Given records:

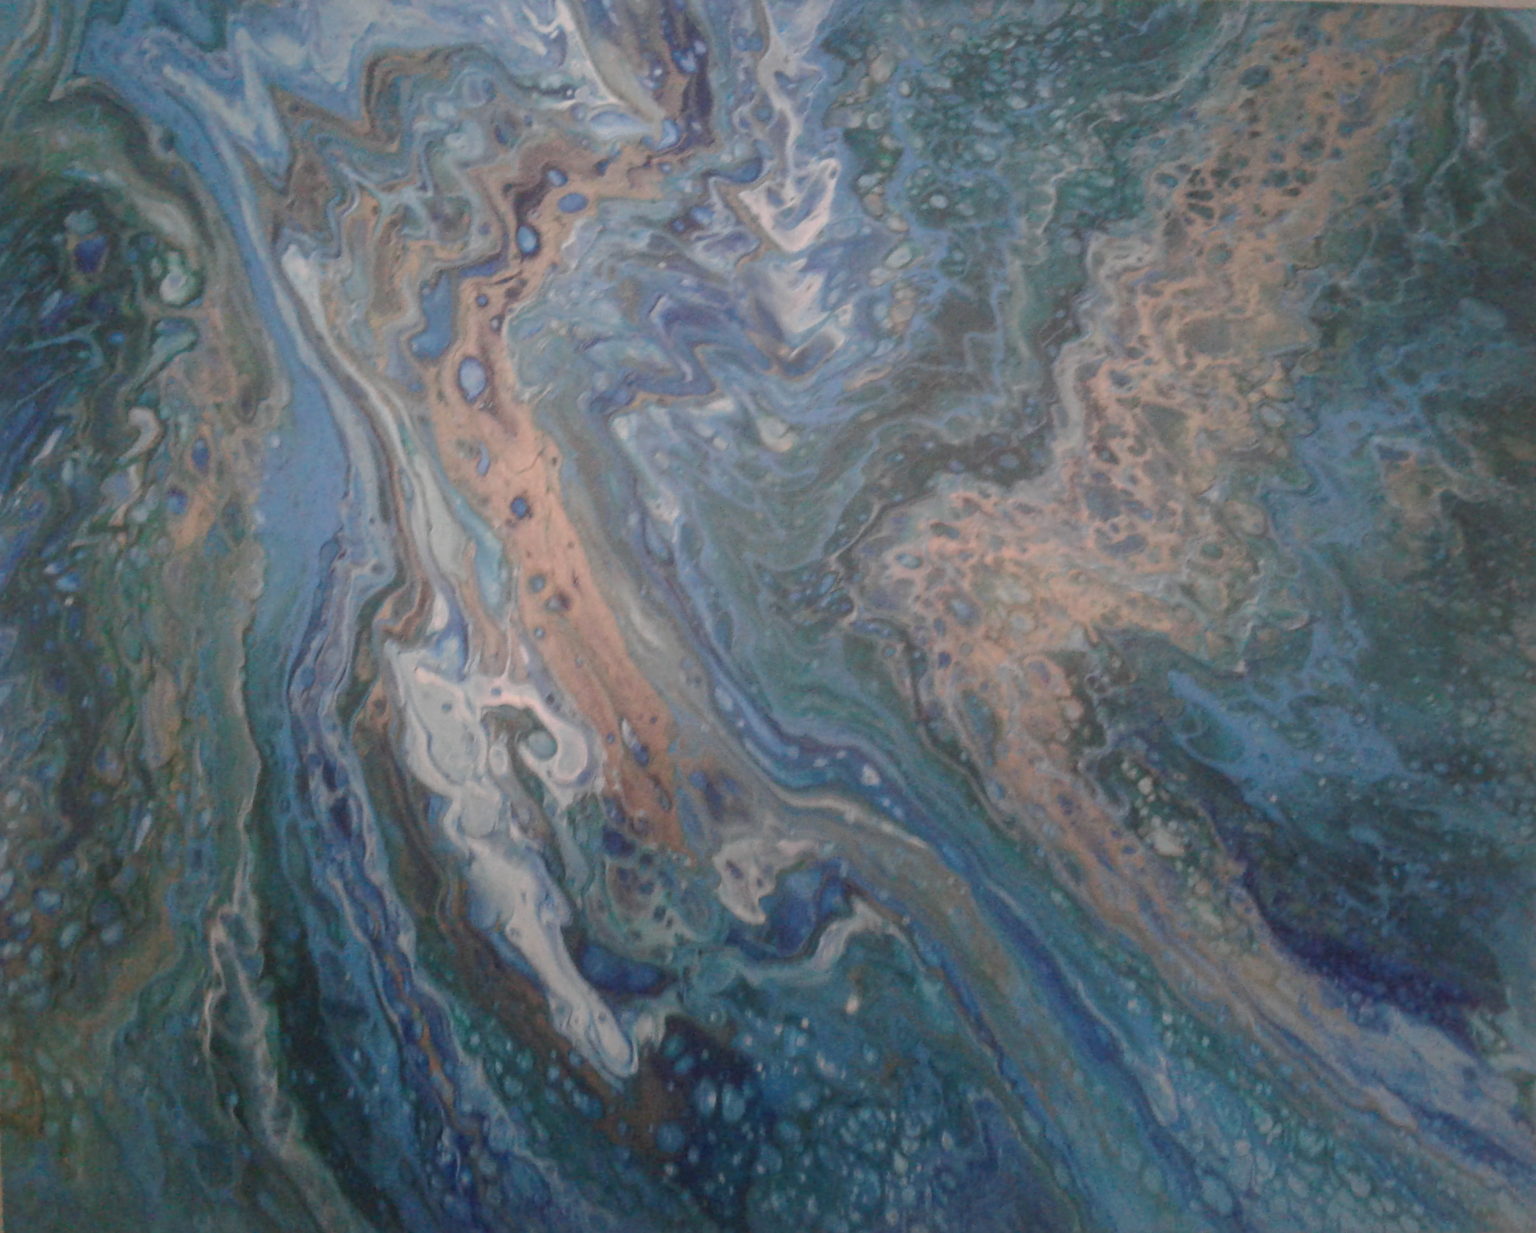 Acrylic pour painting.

---

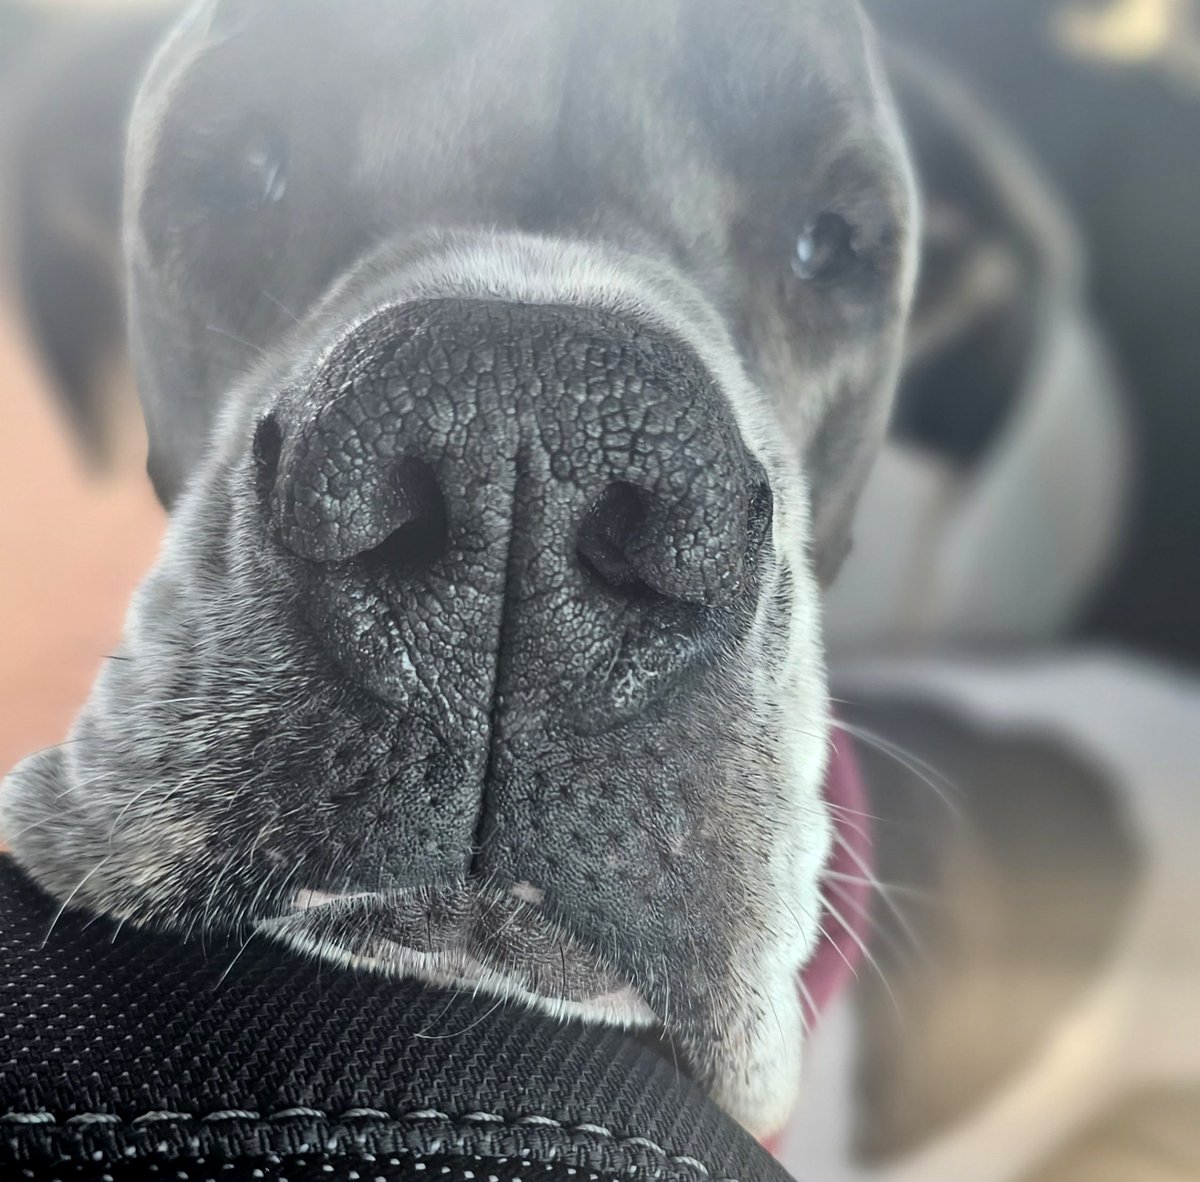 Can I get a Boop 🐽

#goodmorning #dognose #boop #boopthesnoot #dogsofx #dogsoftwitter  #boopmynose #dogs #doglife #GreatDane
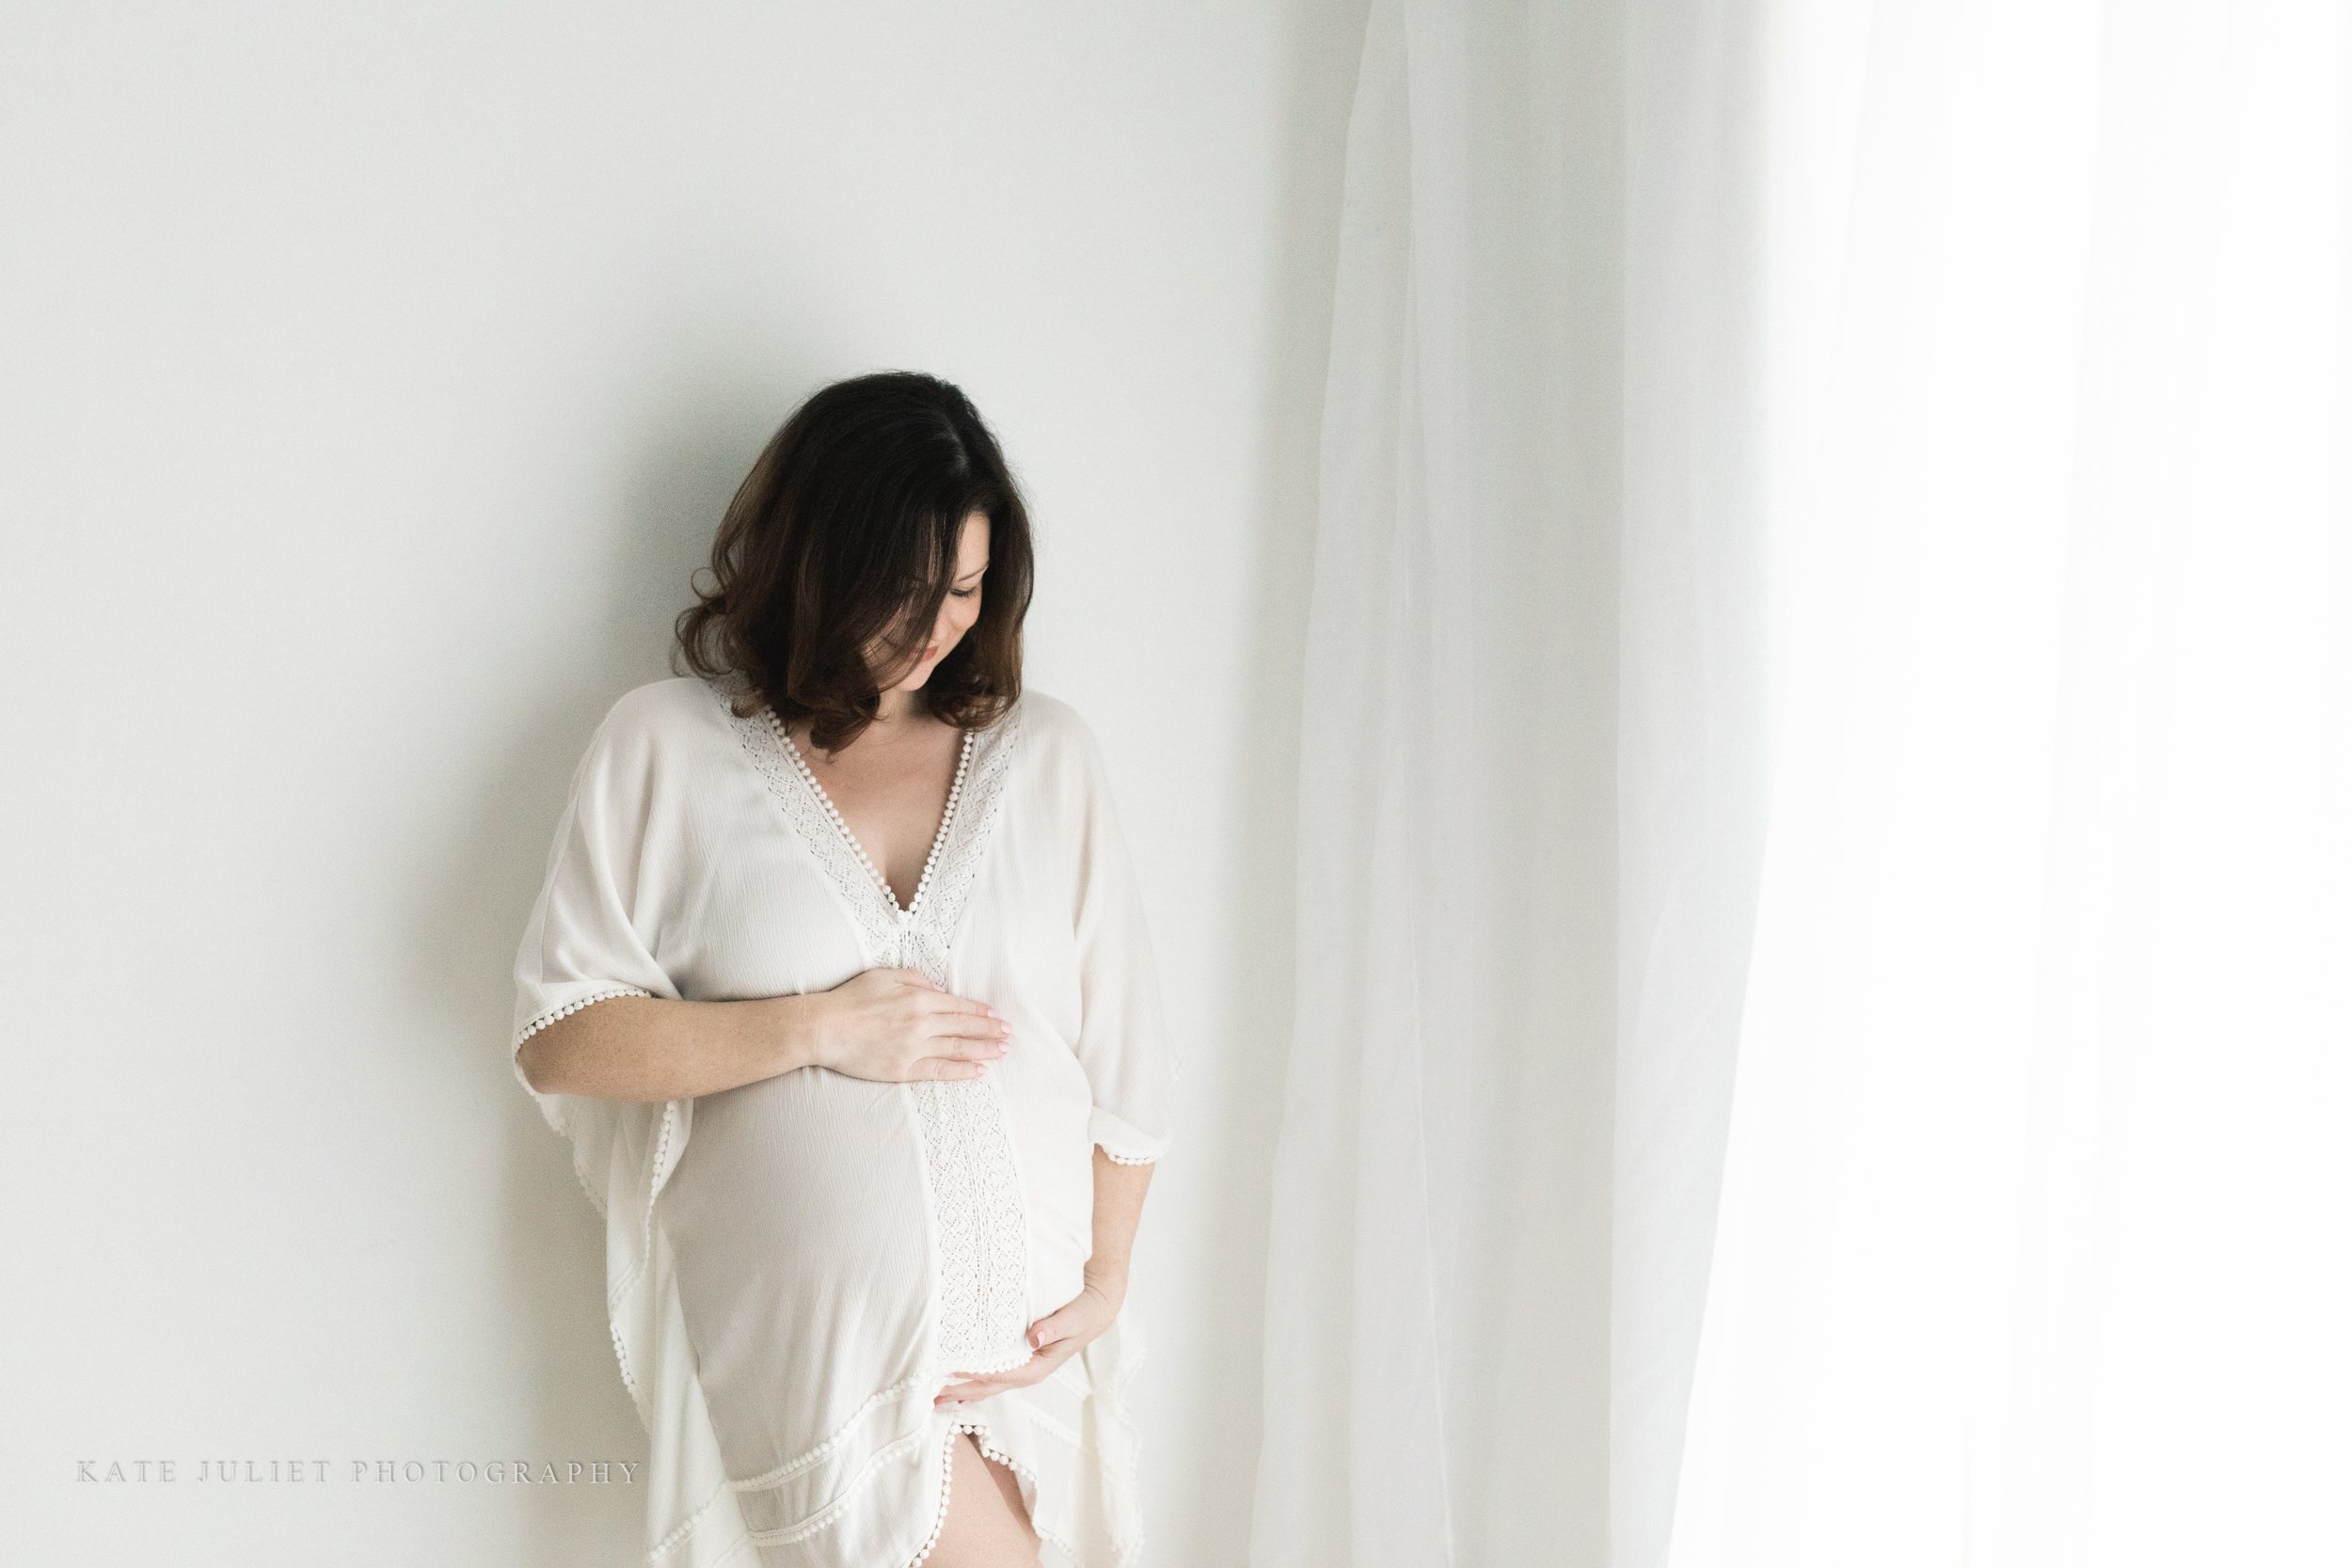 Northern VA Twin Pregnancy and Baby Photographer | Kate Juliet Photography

--

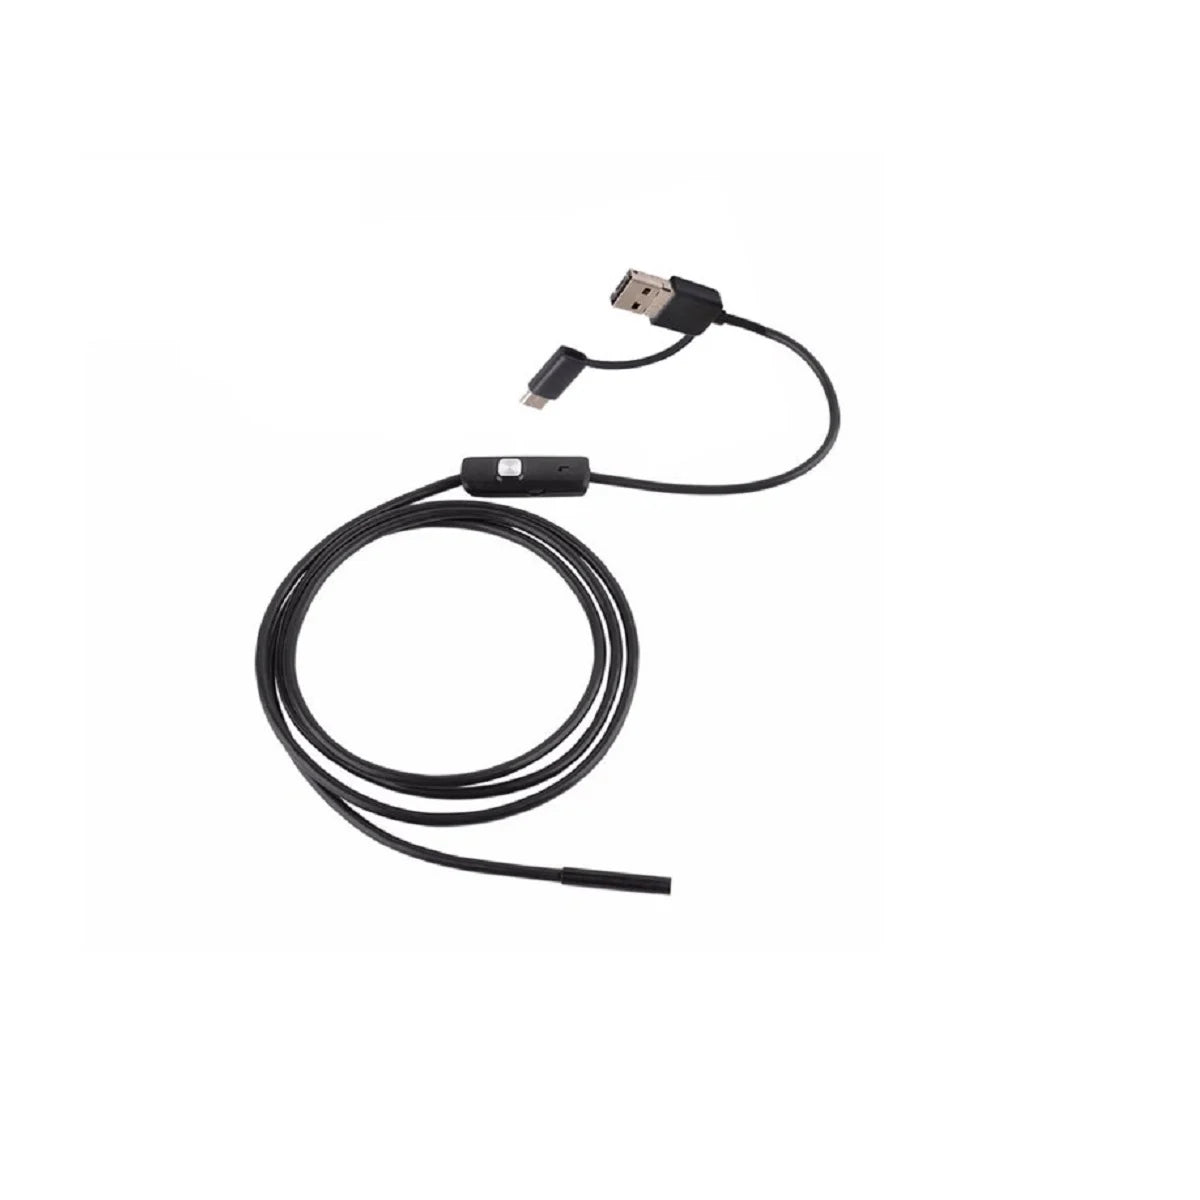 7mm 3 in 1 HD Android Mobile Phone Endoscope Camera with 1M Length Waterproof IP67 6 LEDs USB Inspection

Work required: I would like the exact lines from the data above, starting with the one that holds "Can I get a Boop 🐽" and going on through the one that holds "Northern VA Twin", without the pictures.

Problem solution:
 Can I get a Boop 🐽

#goodmorning #dognose #boop #boopthesnoot #dogsofx #dogsoftwitter  #boopmynose #dogs #doglife #GreatDane
 Northern VA Twin Pregnancy and Baby Photographer | Kate Juliet Photography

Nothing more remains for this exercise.